# Requeening Steps for my TBHs



## kthoneybee (Jan 10, 2015)

I need help on how to requeen my 3 TBH. All 3 hives have queens and I want to replace them. I'd really appreciate if someone could go through the steps. 
Much thanks,
kt


----------



## Thucar (Mar 11, 2017)

Out of curiosity - what is the reason why you want to requeen all 3 of your hives?


----------



## Kalteisen (Mar 17, 2017)

Thucar said:


> Out of curiosity - what is the reason why you want to requeen all 3 of your hives?


This.


----------



## kthoneybee (Jan 10, 2015)

Thucar - can you describe how to requeen a top bar hive?
The reason is irrelevant. 
Thanks!


----------



## Oldtimer (Jul 4, 2010)

A TBH is requeened in the exact same way as a langstroth. So there is not just one way there are many ways.

But I'm assuming you will be purchasing mated queens? If so, open the top bar hive and find the old queen and remove her. She can either be killed, or put aside on a couple of combs of bees to keep her alive incase the bees reject the new queen.

The cage the new queen comes in will have a candy auto release, ie, the cage is put in the hive and it takes the bees around 2 days to chew through the candy which allows the queen to get out. By this time her and the other bees should have exchanged pheremones and she should be accepted by them. The cage may arrive with the candy covered from the outside by a cork or something else, if that is the case remove the cover so the hive bees have access to the candy. If the queens arrive with any written instructions, follow those.

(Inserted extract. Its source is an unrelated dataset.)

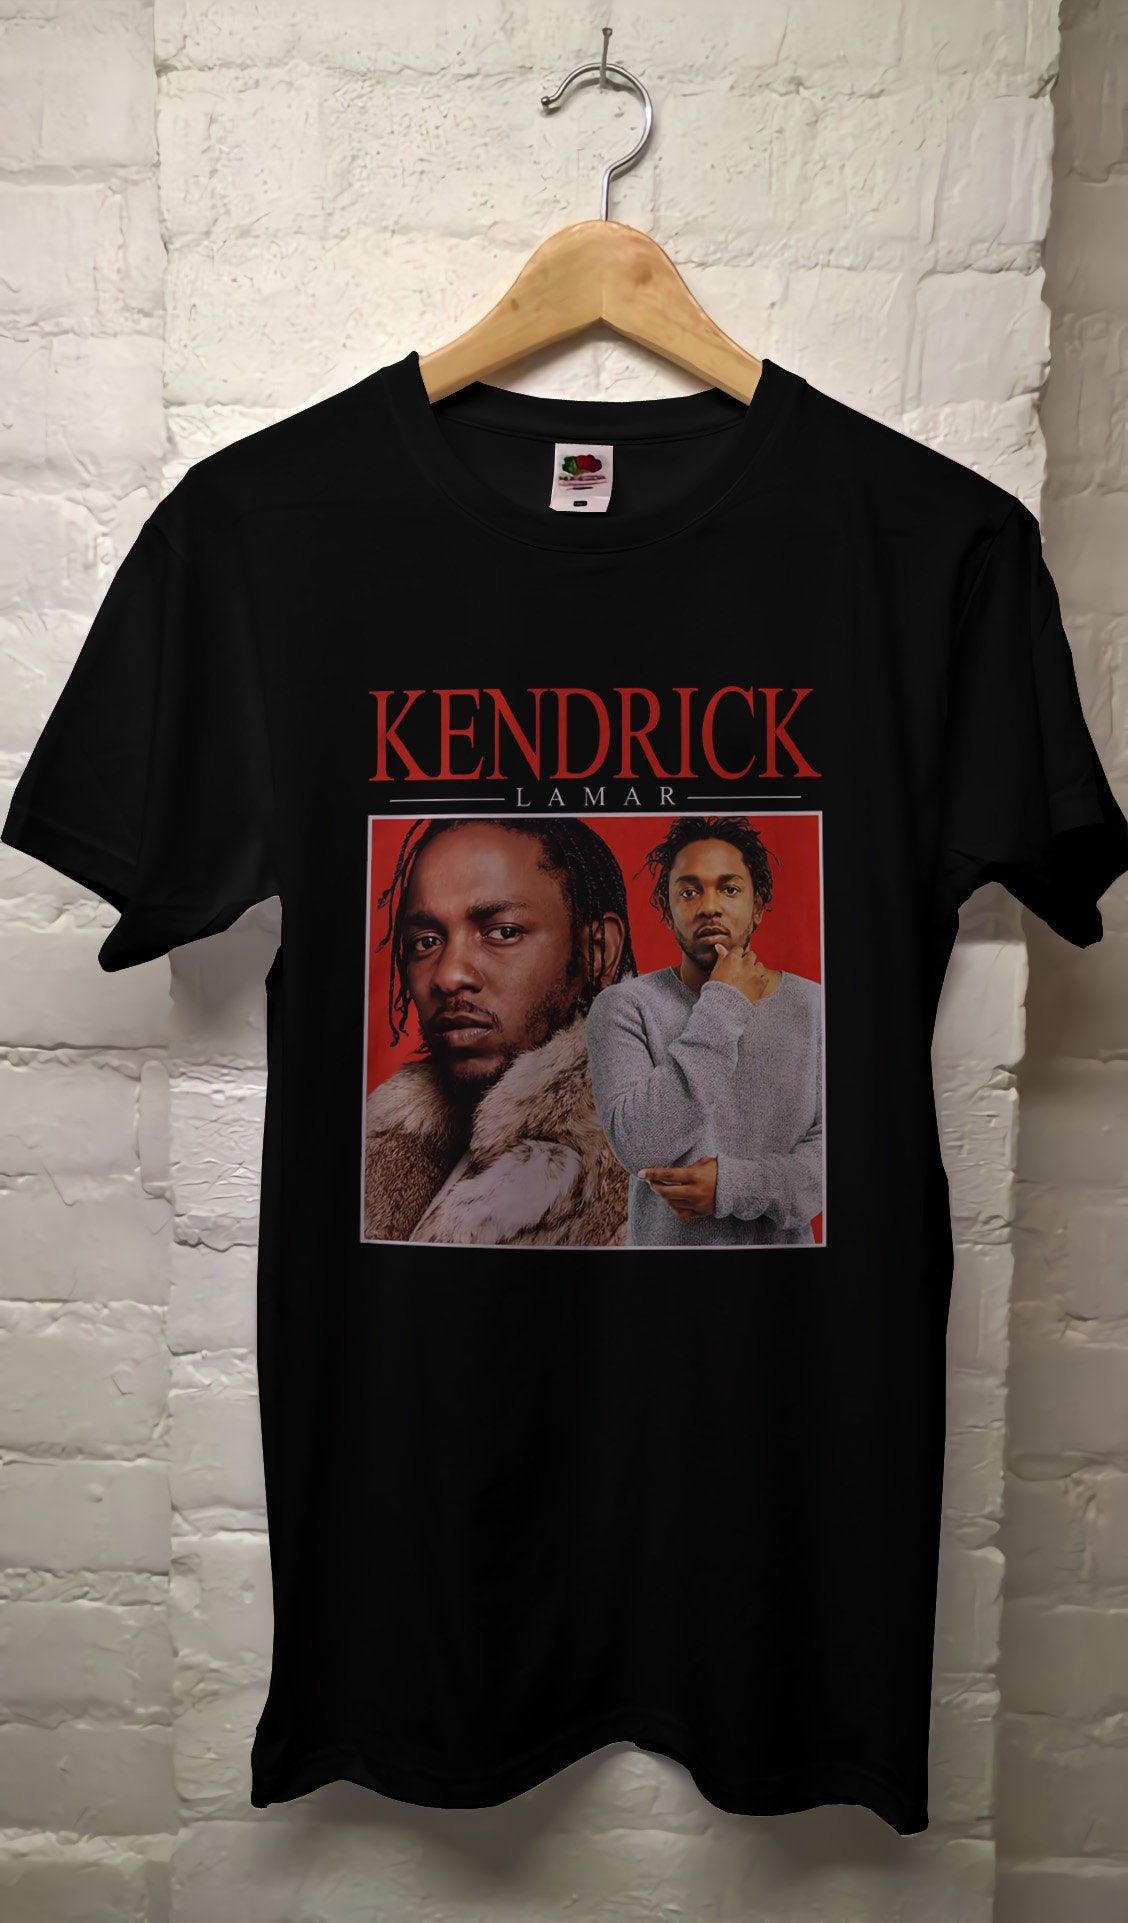 Kendrick Lamar Shop: Your Destination for Music-inspired Goodies

The cage should be set so that the part of the cage that allows contact between the hive bees and the queen is exposed to the bees, ie, the hive bees and the queen can contact each other through the gaps and exchange pheremones. To achieve this it is sometimes necessary to prise 2 combs somewhat apart and have a bigger gap than normal between those two combs, they can be pushed back together when the queen cage is removed. In a TBH, it is also a good idea to hang the cage by a piece of nylon or some non chewable string, with a nail or toothpick at the top to ensure the cage will not fall down and land on the bottom of the hive. The cage should be placed between two brood combs.

The first check should be done not less than 5 days after the queen cage was put into the hive, 7 or more days is safer. An earlier check can cause the bees to kill the queen as they are not fully used to her yet. The first check should be very non disruptive, use smoke to keep things calm and don't do much more than remove the cage and push combs back together. Do not go searching for the queen at this stage but it is OK to look for eggs in a comb or two but don't do too much. In another week you can have a more thorough look through the hive, but again, just look for eggs to confirm she is there, don't spend too much time searching for the queen.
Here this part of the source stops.